Start of PROVIDED DATA

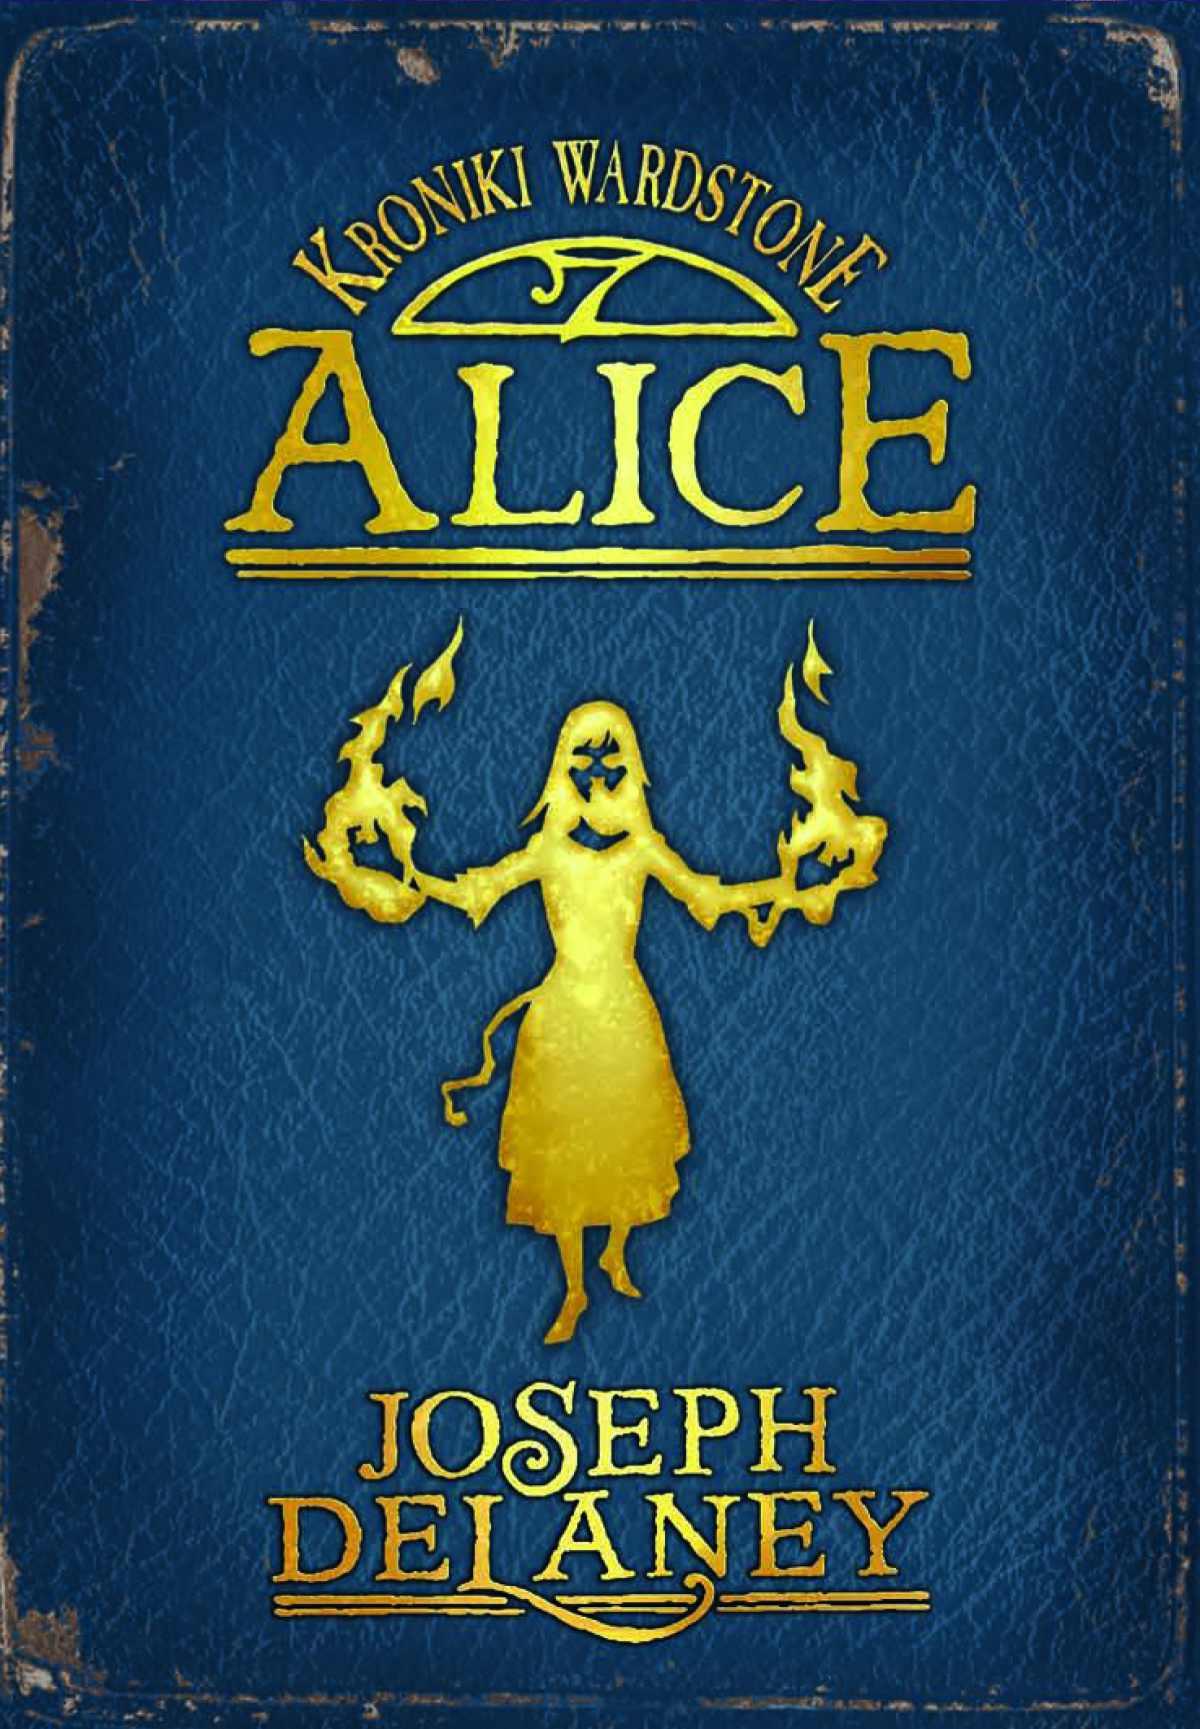 Kroniki Wardstone 12. Alice - Ebook (Książka EPUB) do pobrania w formacie EPUB
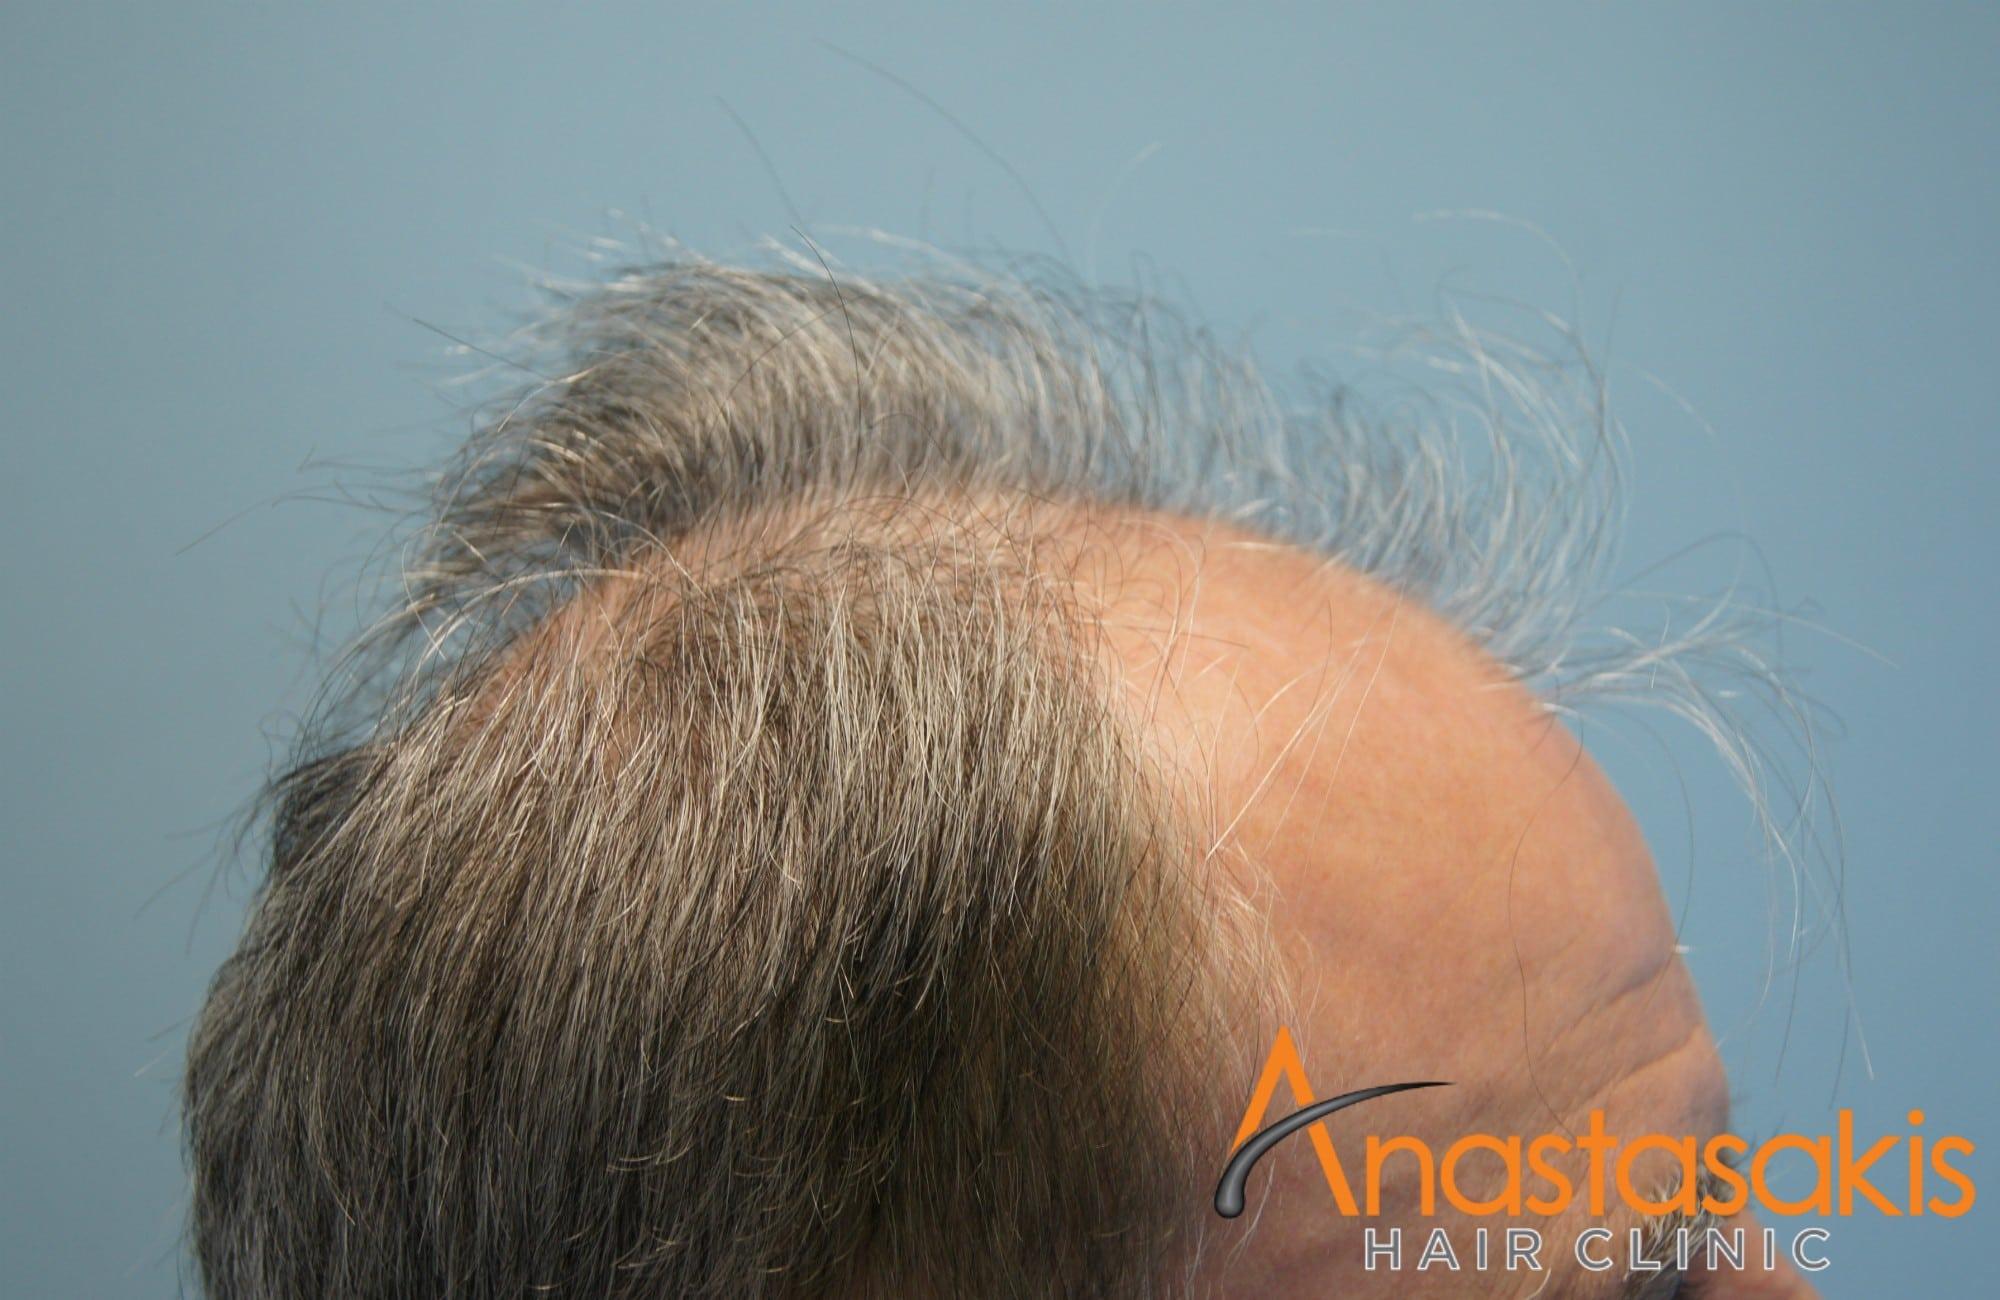 αριστερο προφιλ ασθενους πριν τη μεταμοσχευση μαλλιων με 3650 fus
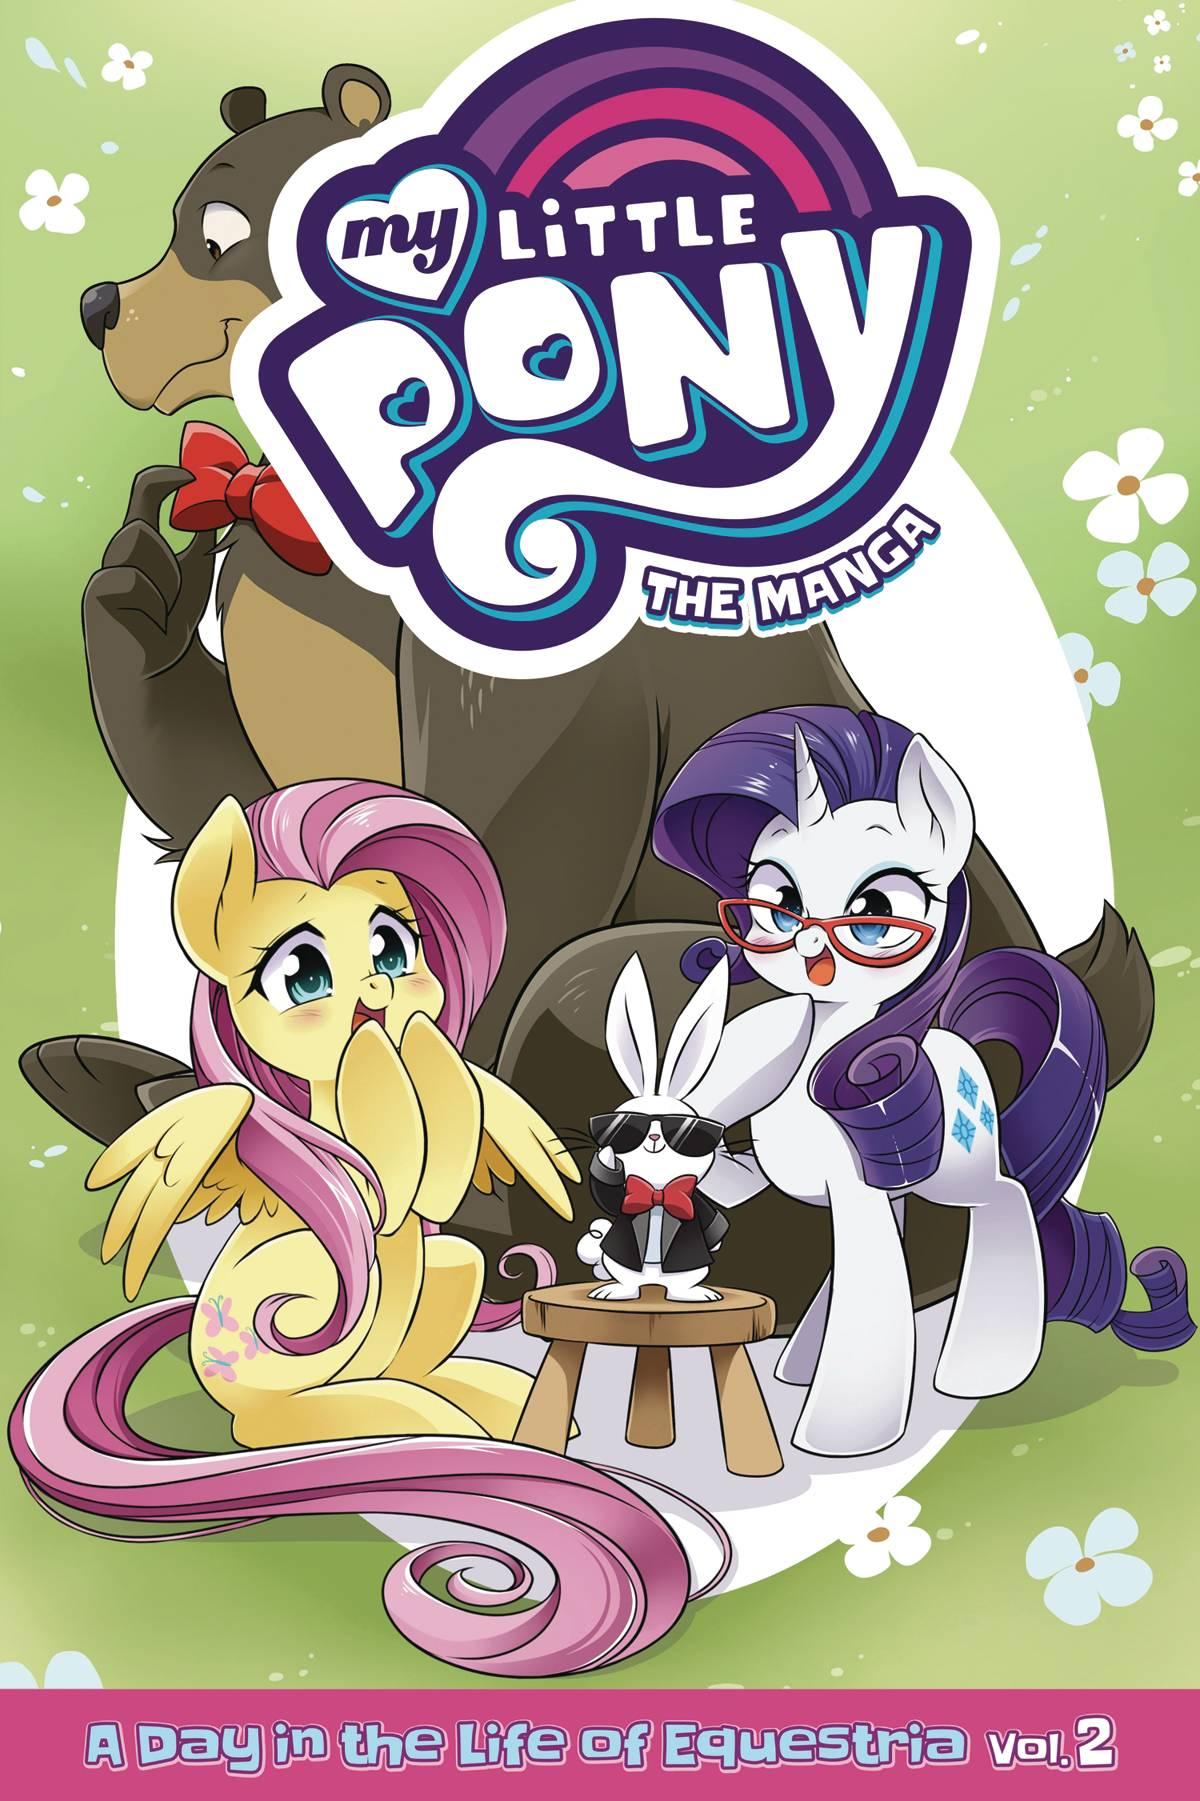 Random Fan Art - My Little Pony Friendship is Magic Fan

End of PROVIDED DATA

**AIM OF THE TASK**
In this exercise, set down all of the data exactly, without the pictures.

**RESPONSE TO THIS EXERCISE**
 Kroniki Wardstone 12. Alice - Ebook (Książka EPUB) do pobrania w formacie EPUB
 αριστερο προφιλ ασθενους πριν τη μεταμοσχευση μαλλιων με 3650 fus
 Random Fan Art - My Little Pony Friendship is Magic Fan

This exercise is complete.